The makeup artist rolled his eyes and set about snipping.
“Susan,” said Taft once the shears had been stashed and the makeup artist had left. “I won’t argue with you about the need for this”—he waved his hands around his face—“this peacockery. But there’s something unnatural about it. Do all politicians in this day and age subject themselves to such ostentatious falseness? Do masks now make the man? Are we all thespians?”
“Oh, really, Mr. Taft.” Susan sipped her tea and shook her head. “When has politics not been theater? In any case, the makeup doesn’t show on camera. It just makes you look … normal. More like yourself.”
Taft snorted. “This century’s infatuation with irony knows no bounds, does it?”
“Scoff all you want, but the outcome of at least one presidential election—between Nixon and Kennedy in 1960—was influenced by makeup. Or the lack thereof.” She got up from her chair and looked more closely at Taft’s freshly varnished face. “Anyway, I think it looks good on you.”
“You do?”
“Absolutely. It really brings out your feminine side.”
Taft let the comment slide. In truth, he was glad for the chance to banter. The previous week’s worth of preparation had left his head stuffed with facts, figures, strategies, counterstrategies, and even a scorched-earth endgame should Craig blindside him with some kind of cheap stunt, as she’d done before. Her response when Susan had accepted the invitation on his behalf was cordial and professional, and even Susan had to admit she’d never been able to figure out exactly where Craig was coming from. Unlike other hosts of popular political-discussion programs, Craig tended to attract the rabidly independent, those viewers so exactly in the middle—or so far to either extreme—of the political spectrum that party affiliation had little meaning. Accordingly, her ideology was slippery. Susan admitted that she admired Craig on a strictly technical level, mostly for her almost magical ability to couch complex issues in blunt catchphrases that nonetheless managed to be vague enough to resonate with a relatively wide variety of audiences. She was envied and feared … and reviled by more mainstream journalists, who felt her methods and mode of delivery sounded the death knell of journalism.
Taft, for his part, felt the same about Craig as he did any journalist. She stank. Granted, he’d been cozy enough with the press during his tenures as Teddy’s governor of the Philippines and secretary of war. Then again, during the latter appointment there had been no actual war. It wasn’t until the first few months of Taft’s presidency that he began to see journalists for what they really were: vipers, Visigoths, vandals hell-bent on poisoning a man’s confidence before destroying him altogether. As a public servant sworn to uphold the Constitution, he fully realized the importance—indeed, the vital necessity—of a free press to the function of democracy. That said, in his heart of hearts, he’d have had every last one of them rounded up and pilloried if he’d been able.

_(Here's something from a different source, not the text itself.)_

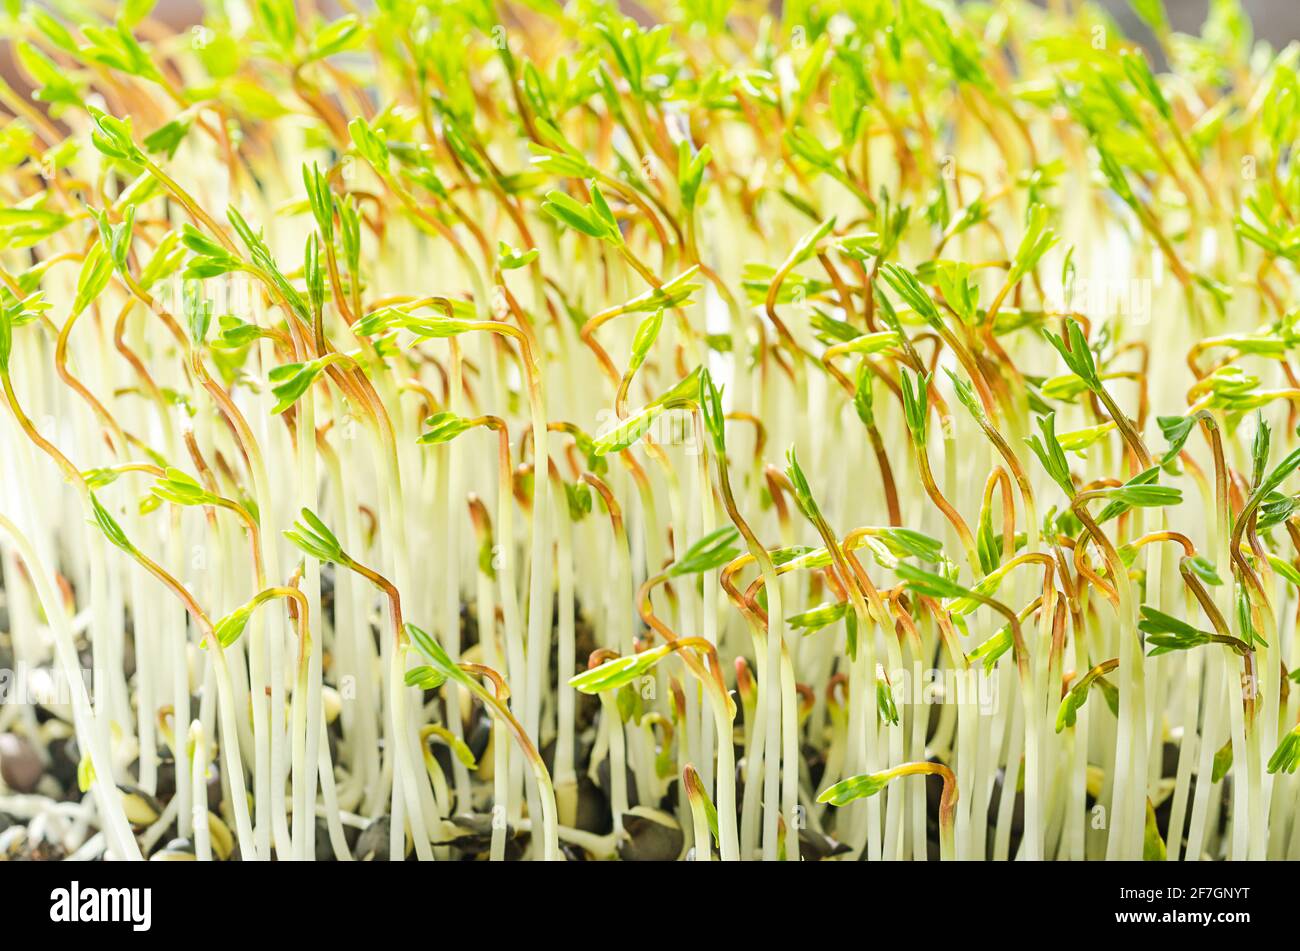 Gekeimt Beluga Linsen, Microgreens wachsen in hellem Sonnenlicht. Grüne Triebe von schwarzen Linsen, Setzlingen und jungen Pflanzen. Stockfoto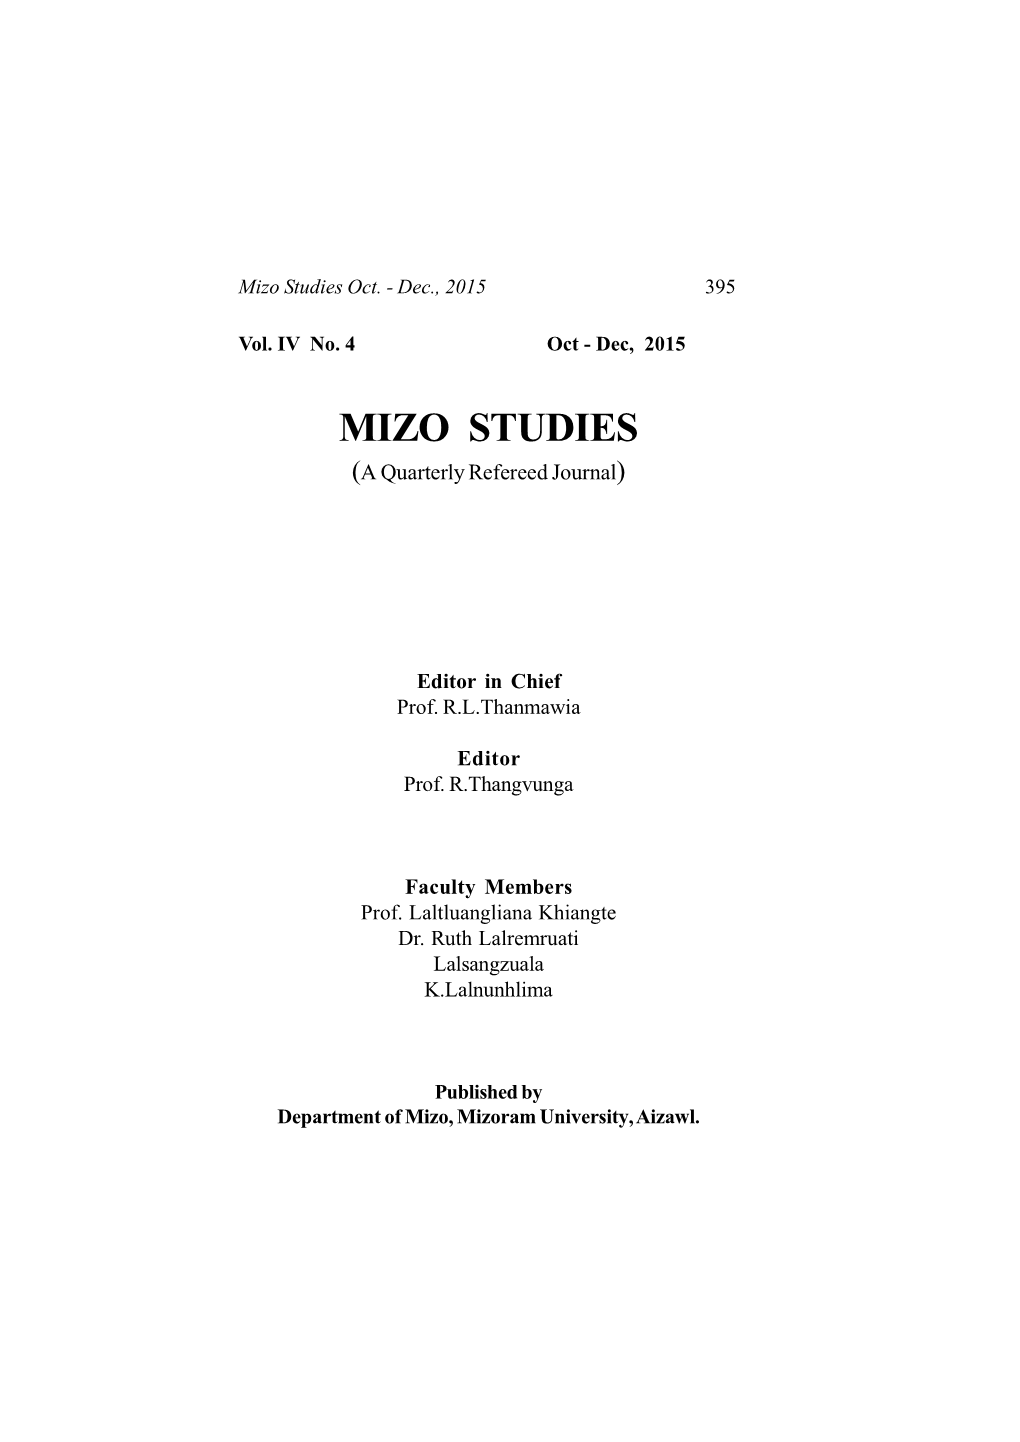 E:\Pendrive\Mizo Studies Vol. I

As if sensing the tide of bitterness welling in his breast, Susan laid a hand on his shoulder. “Remember the first rule: don’t let your emotions get the best of you. When you’re out there, smile. Be polite. Take every question, no matter how negative, as a fair and welcome one. Stick to your talking points; this is about Rachel more than anything else. Steer the conversation toward her whenever possible. Oh, and I almost forgot to pass along this little method: if you start to get nervous, look over at Pauline Craig and imagine her naked.”
Taft felt his heart kick like the horses in his old White House stables.
“Excuse me?”
Susan’s face was pregnant with some unreadable emotion as she opened her mouth to answer. But before she could say anything, a woman knocked on the door and cracked it open without waiting for a reply. “Mr. Taft,” she said, sticking her smiling face and a beckoning finger into the room. “It’s time. You’re on. Let me get this mic on you. Then, please, follow me.”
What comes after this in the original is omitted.